Data also available at :http://www.epidemiology.ch/history/louis.htm

blood.letting <- read.table(header = TRUE,
text = "start.letting duration n.times.letting death age
1 10 3 0 NA
1 12 2 0 NA
1 14 2 0 NA
2  7 3 0 NA
2 10 2 0 NA
2 12 2 0 NA
3 19 3 0 NA
3 29 3 0 NA
3 20 2 0 NA
3 20 NA 0 NA
3 16 3 0 NA
3 17 4 0 NA
4 19 3 0 NA
4 12 2 0 NA
4 15 2 0 NA
4 22 4 0 NA
4 12 4 0 NA
4 21 2 0 NA
4 25 3 0 NA
4 28 4 0 NA
4 40 2 0 NA
4 16 2 0 NA
4 12 4 0 NA
5 28 2 0 NA
5 17 3 0 NA
5 40 2 0 NA
5 13 2 0 NA
5 21 2 0 NA
5 13 2 0 NA
6 13 1 0 NA
6 16 2 0 NA
6 23 3 0 NA
6 35 5 0 NA
6 17 2 0 NA
7 24 2 0 NA
7 12 4 0 NA
7 19 2 0 NA
7 18 2 0 NA
7 15 2 0 NA
7 27 2 0 NA
8 19 2 0 NA
8 12 1 0 NA
8 18 1 0 NA
8 20 3 0 NA
8 13 2 0 NA
8 21 2 0 NA
9 35 1 0 NA
9 11 2 0 NA
9 17 2 0 NA
9 30 3 0 NA
1 6 5 1 18
2 53 5 1 65
2 12 3 1 69
2  8 2 1 65
2 12 1 1 55
2 17 7 1 75
3  4 1 1 57
3 16 2 1 54
3  6 3 1 30
3  6 4 1 47
3 47 2 1 75
3 11 4 1 45
4 29 2 1 19
4 29 4 1 46
4 12 1 1 85
4 15 3 1 37
4 17 1 1 67
4 20 3 1 22
5 16 4 1 58
5  8 2 1 63
5  9 4 1 24
6 62 4 1 20
6 10 2 1 40
6 29 3 1 24
7 20 2 1 68
8 25 1 1 40
9 22 1 1 50")

blood.letting <- within(blood.letting, {
        late.bleeder <- start.letting >= 5
})

## layout(matrix(c(1:2), ncol = 2))

## Time to death
survplot(survfit(Surv(duration, death == 1) ~ late.bleeder,
         data = blood.letting), label.curves=list(keys = 1:2),
         n.risk = TRUE, time.inc = 10, conf = "none")

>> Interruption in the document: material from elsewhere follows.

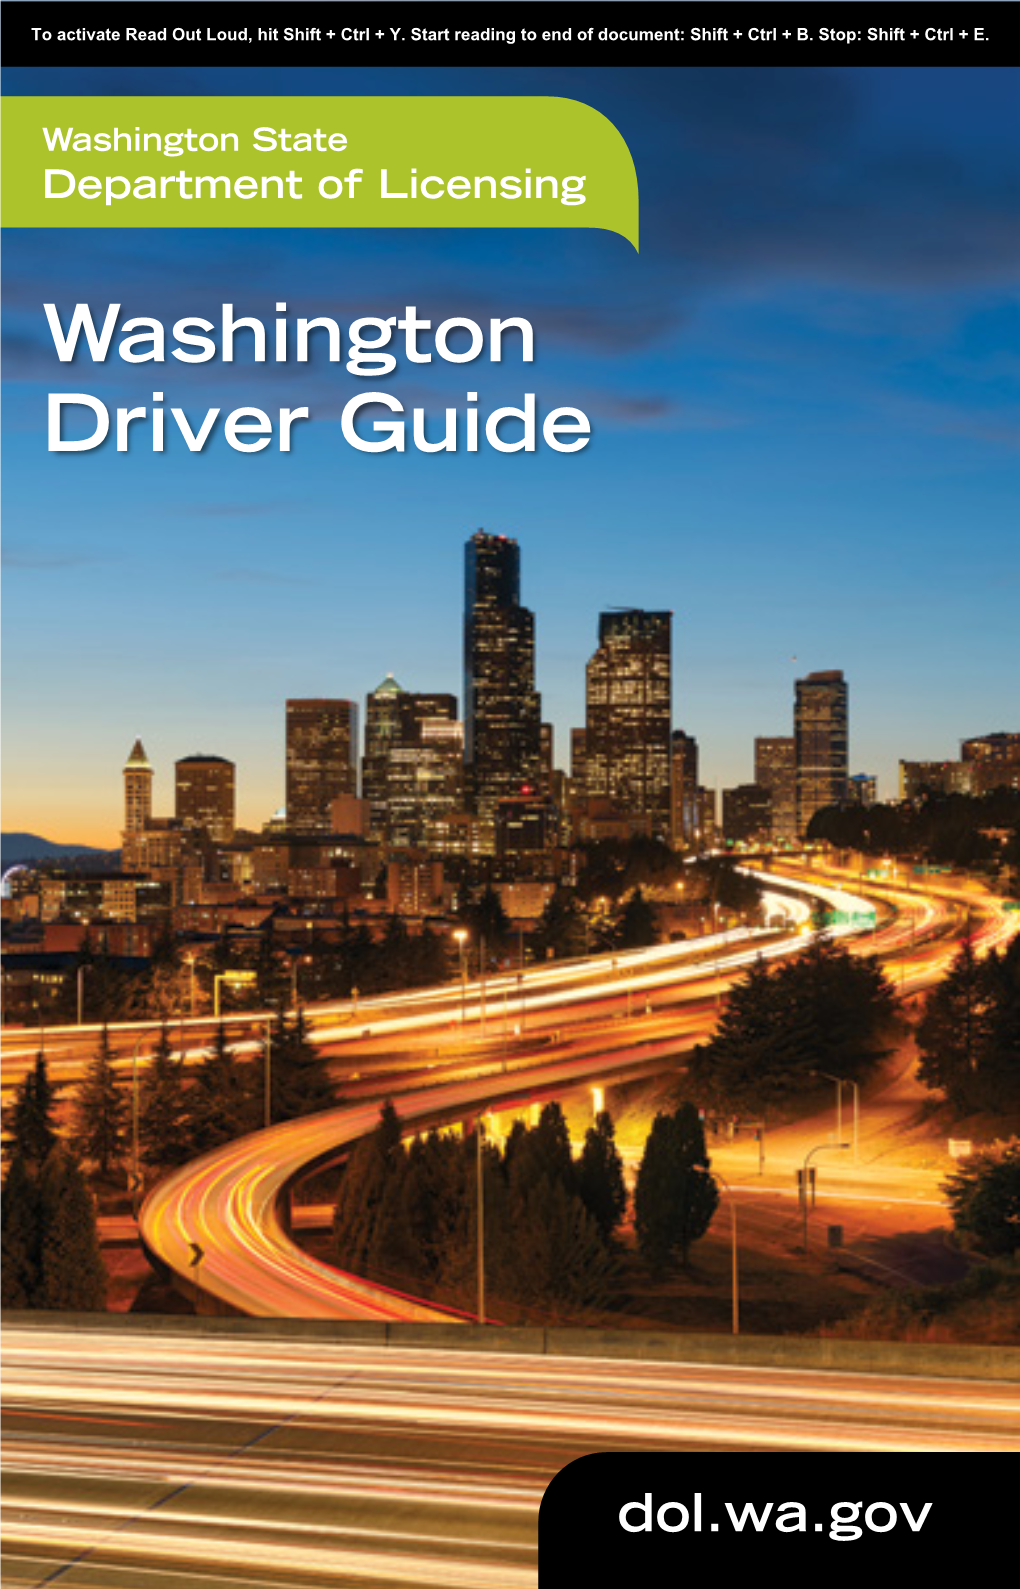 Washington State Drive Guide
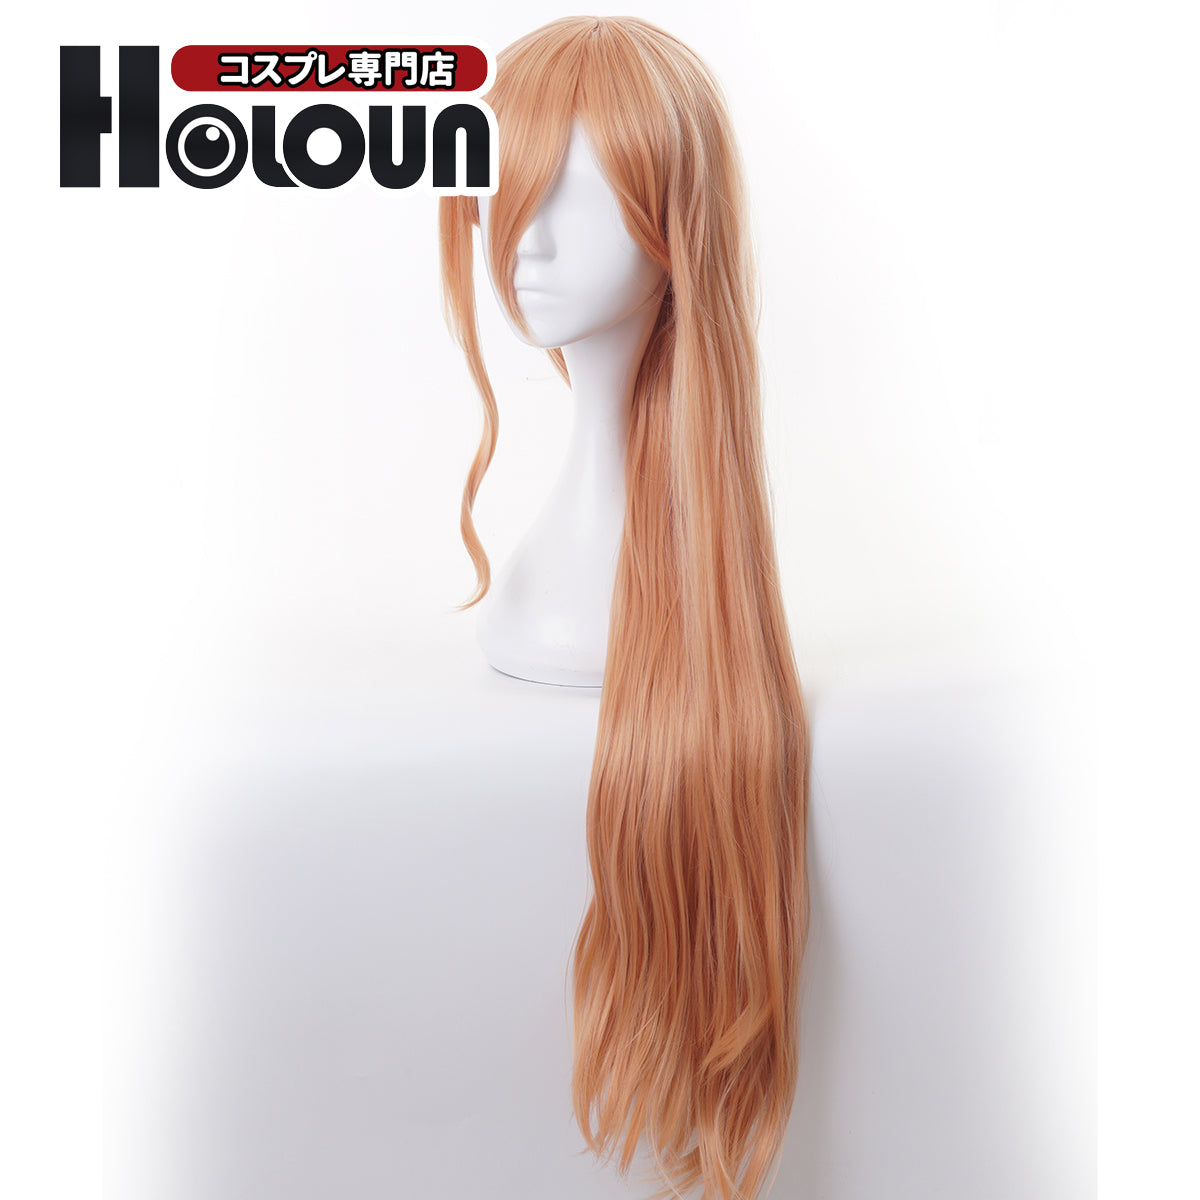 HOLOUN Anime Cosplay Universal Wig For Chainsaw Power Fake Hair Halloween Christmas Party Gift New

plot of chunk unnamed-chunk-25


## In fact, if the graph is plotted for time to cure (death as censoring), these two groups show similar curves.
## Time to cure
## survplot(survfit(Surv(duration, death == 0) ~ late.bleeder,
##          data = blood.letting), label.curves=list(keys = 1:2),
##          n.risk = TRUE, time.inc = 10, conf = "none",
##          fun = function(x) 1 - x, ylab = "Cumulative Cure Probability")

All computations were carried out with R 2.15.1 (optional R packages used: plyr, rms, meta, epiR).